К тому времени, как Монтгомери со своими отрядами пересек Мессинский пролив (это случилось 3 сентября 1943 года), маленькое предприятие Феррари уже вовсю процветало. Контракт с Alfa Romeo, запрещавший ему использовать свое имя, истек, и старое название Auto Avio Construzione теперь включало в себя имя Scuderia Ferrari.

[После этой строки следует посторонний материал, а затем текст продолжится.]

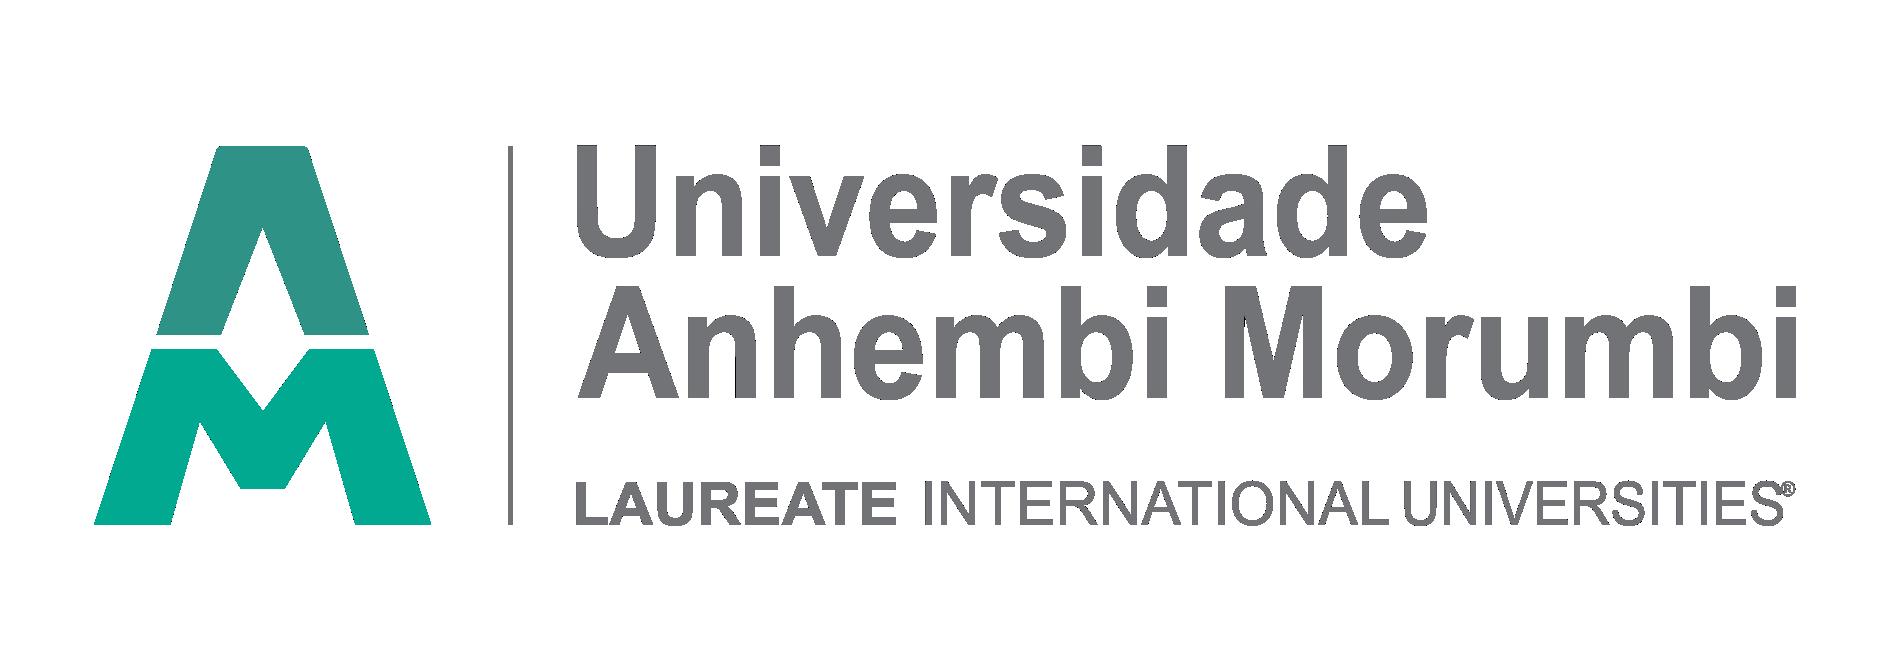 Anhembi Murumbi

Тем временем немцы на деле доказывали, что являются не только боеспособными воинами, но и жестокими администраторами. Они сумели замедлить продвижение сил союзников в Анцио и вдоль Линии Густава у подножия Апеннинских гор, где опорой их оборонительных укреплений служил древний монастырь Монте-Кассино. На севере они подстегивали итальянскую промышленность к увеличению объемов производства, которое росло в лучшем случае вяло. Их основным поставщиком был Fiat, тративший большую часть своих сил на замедление производственного процесса и попытки воспрепятствовать депортации своих рабочих на немецкие заводы. Гигантский туринский концерн должен был производить по 180 самолетов ежемесячно. Но из-за бесконечного саботажа, забастовок, отсутствия рабочих на своих местах и откровенных симуляций бурной трудовой деятельности максимальный месячный объем готовой продукции завода в период с сентября 1943-го по конец войны составил 18 самолетов! Немцы требовали 1,5 тысячи авиационных двигателей в месяц. Получали же от 90 до 300. Объемы производства грузовиков были аналогично ничтожными, и почти половина изготовленных транспортных средств растворялась на черном рынке. Взбешенные таким поведением итальянцев немцы объявили в начале 1944 года о том, что все станки, инструменты и вся техническая база Fiat целиком должны быть перенесены в Германию. Это решение спровоцировало массовую забастовку, охватившую весь север Италии, и парализовало последние хилые военные силы немцев. Fiat никуда не переехал.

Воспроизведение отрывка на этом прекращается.